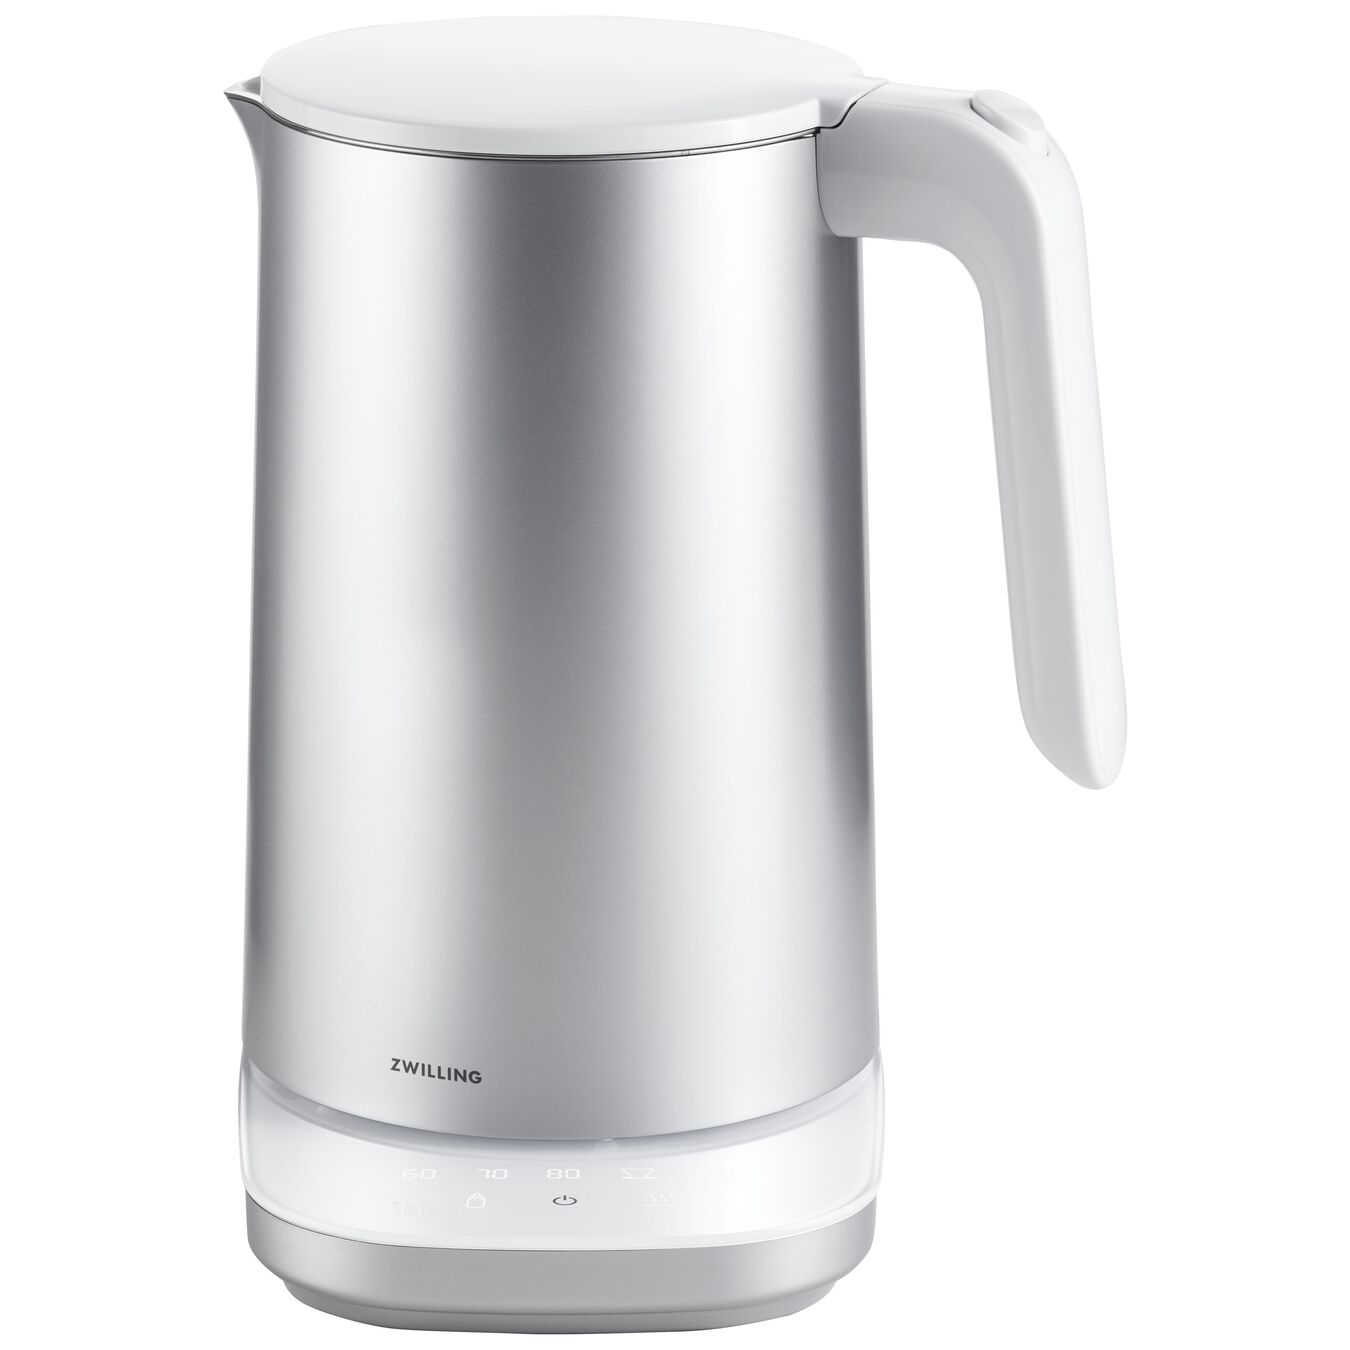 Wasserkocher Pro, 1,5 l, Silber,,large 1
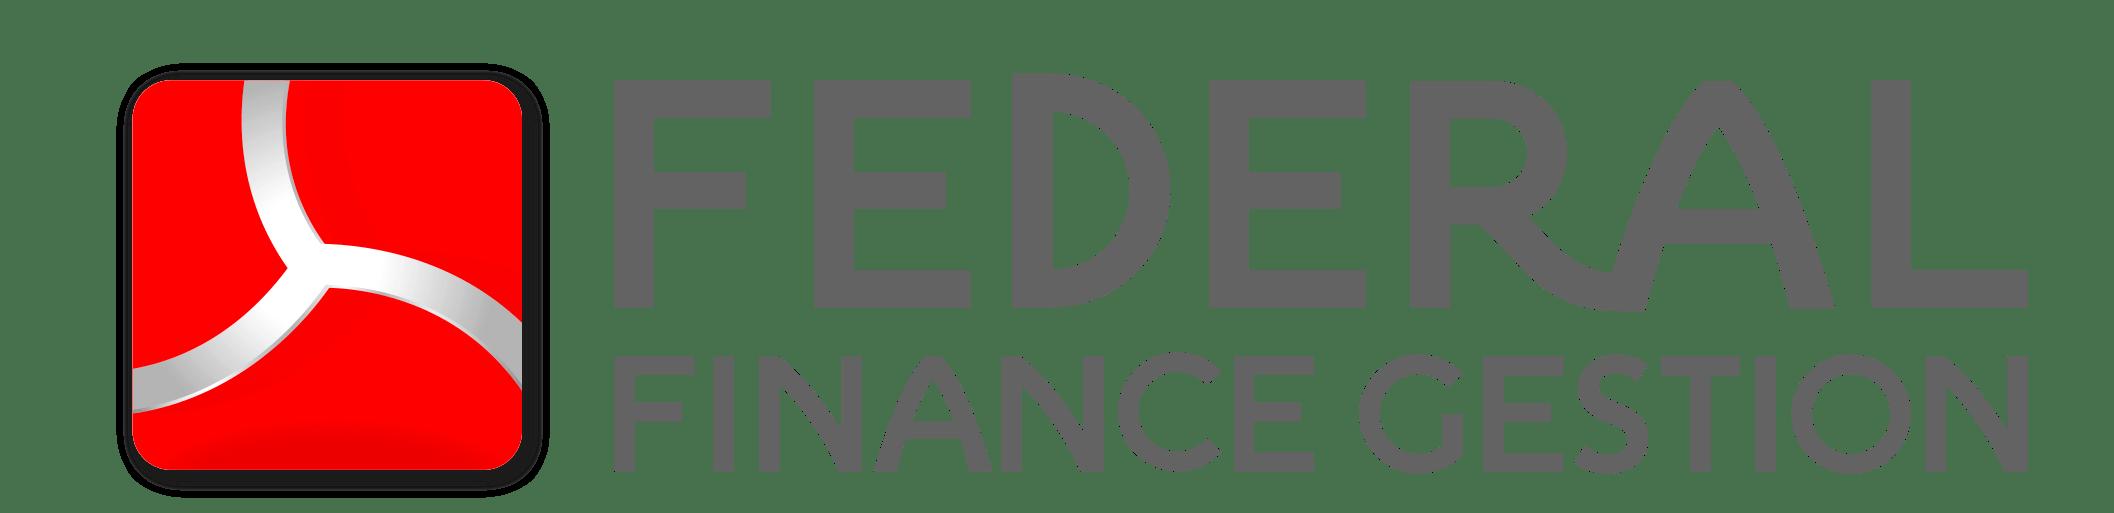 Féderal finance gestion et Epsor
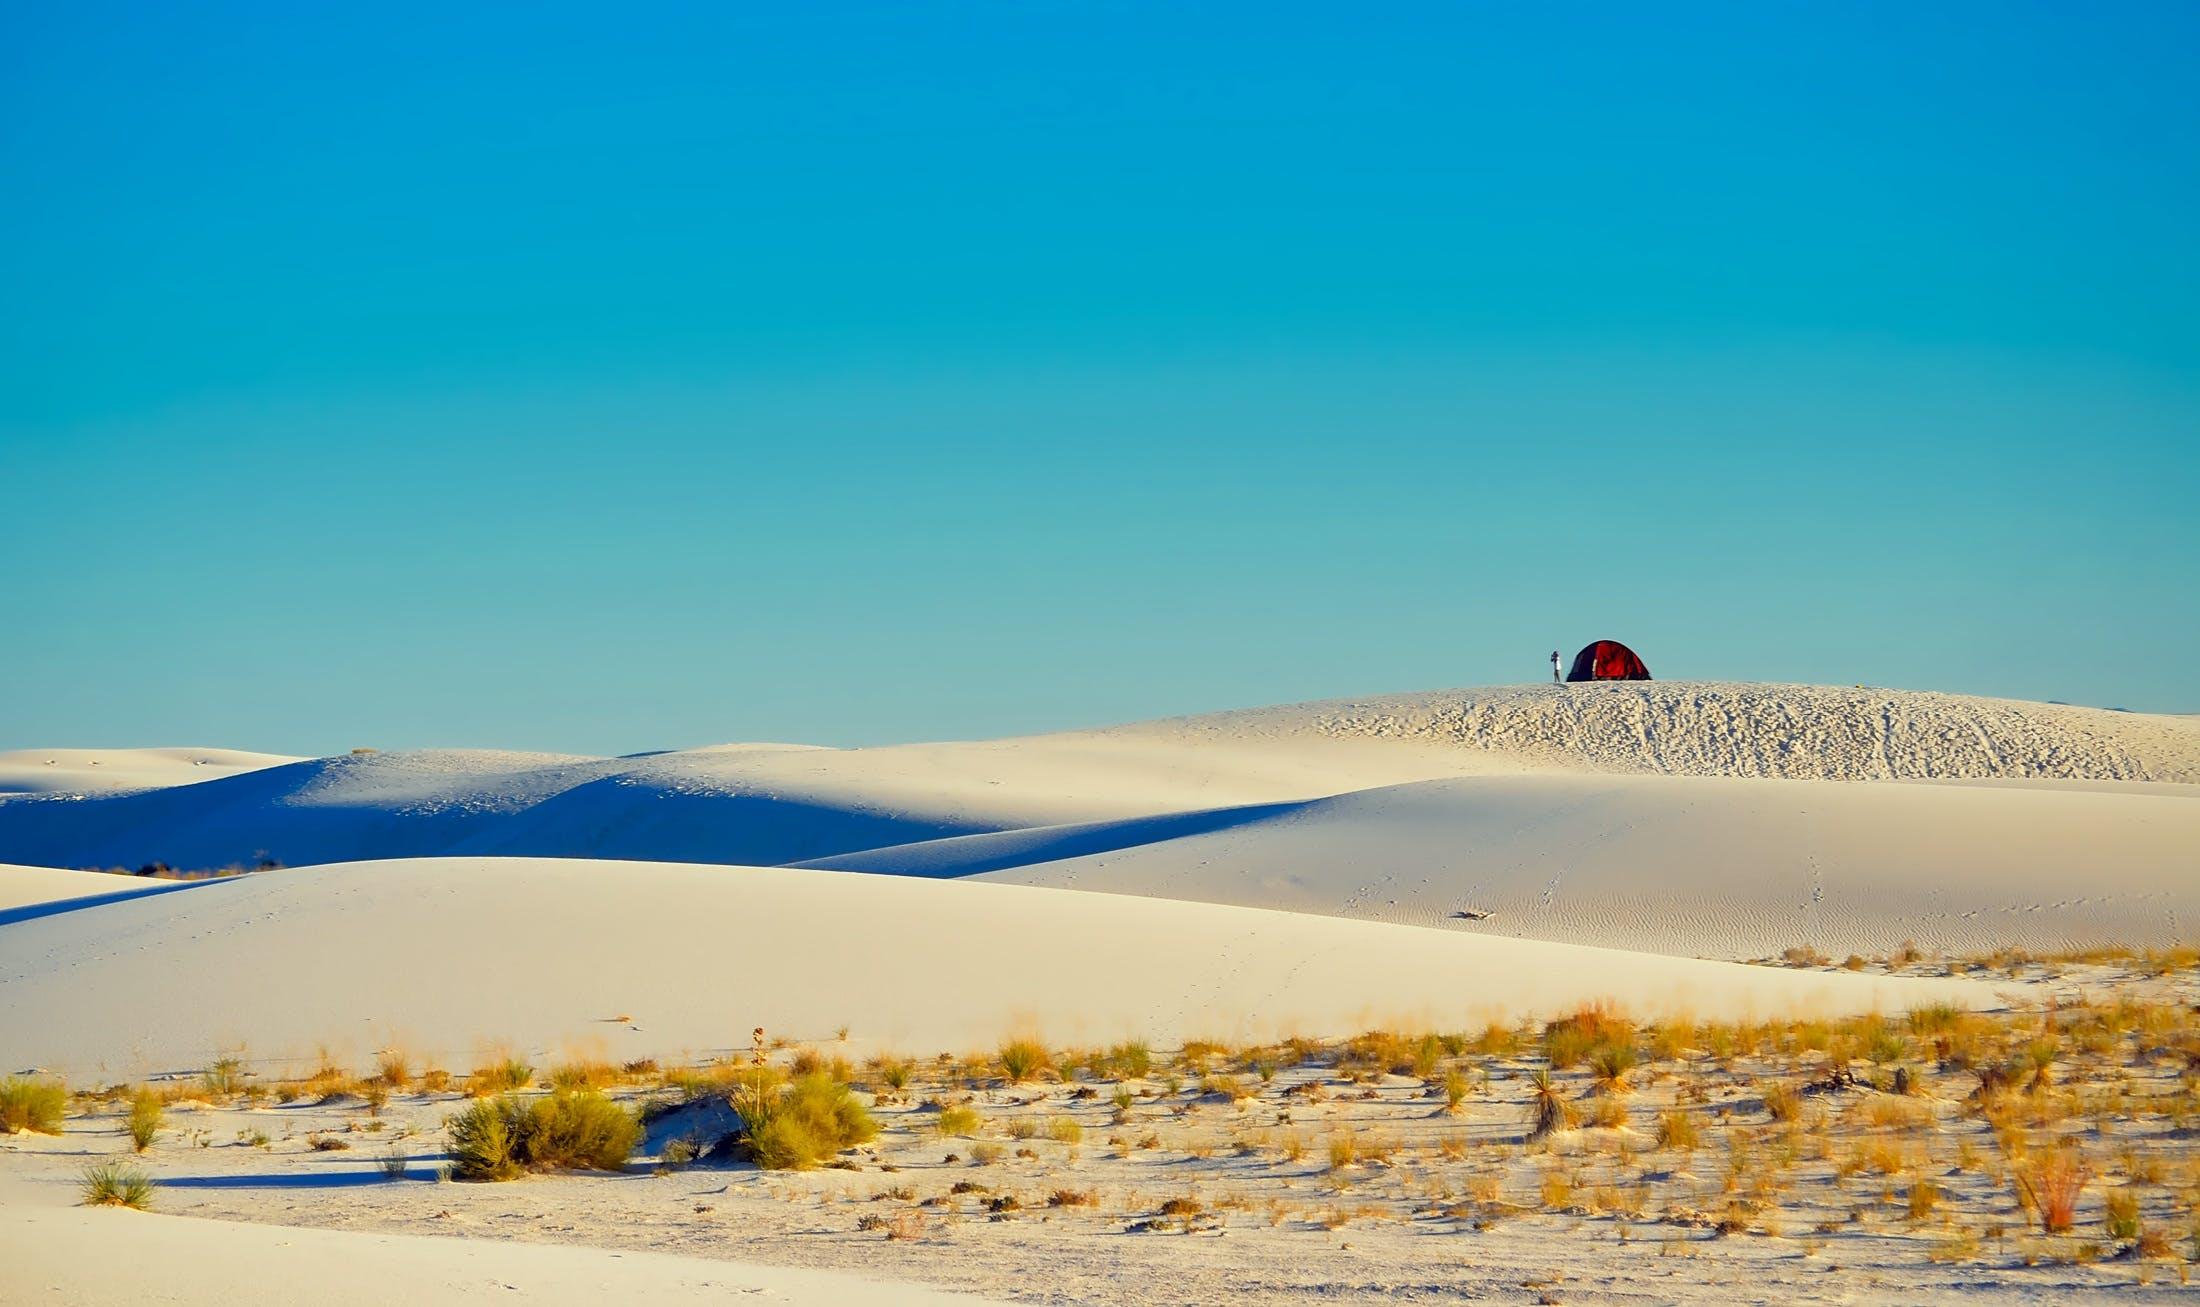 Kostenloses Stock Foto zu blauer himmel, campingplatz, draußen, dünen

● EXERCISE: Since the pictures are not part of the copy, transcribe only the remaining material, exactly.

● OUTPUT:
 Wasserkocher Pro, 1,5 l, Silber,,large 1
 Féderal finance gestion et Epsor
 Kostenloses Stock Foto zu blauer himmel, campingplatz, draußen, dünen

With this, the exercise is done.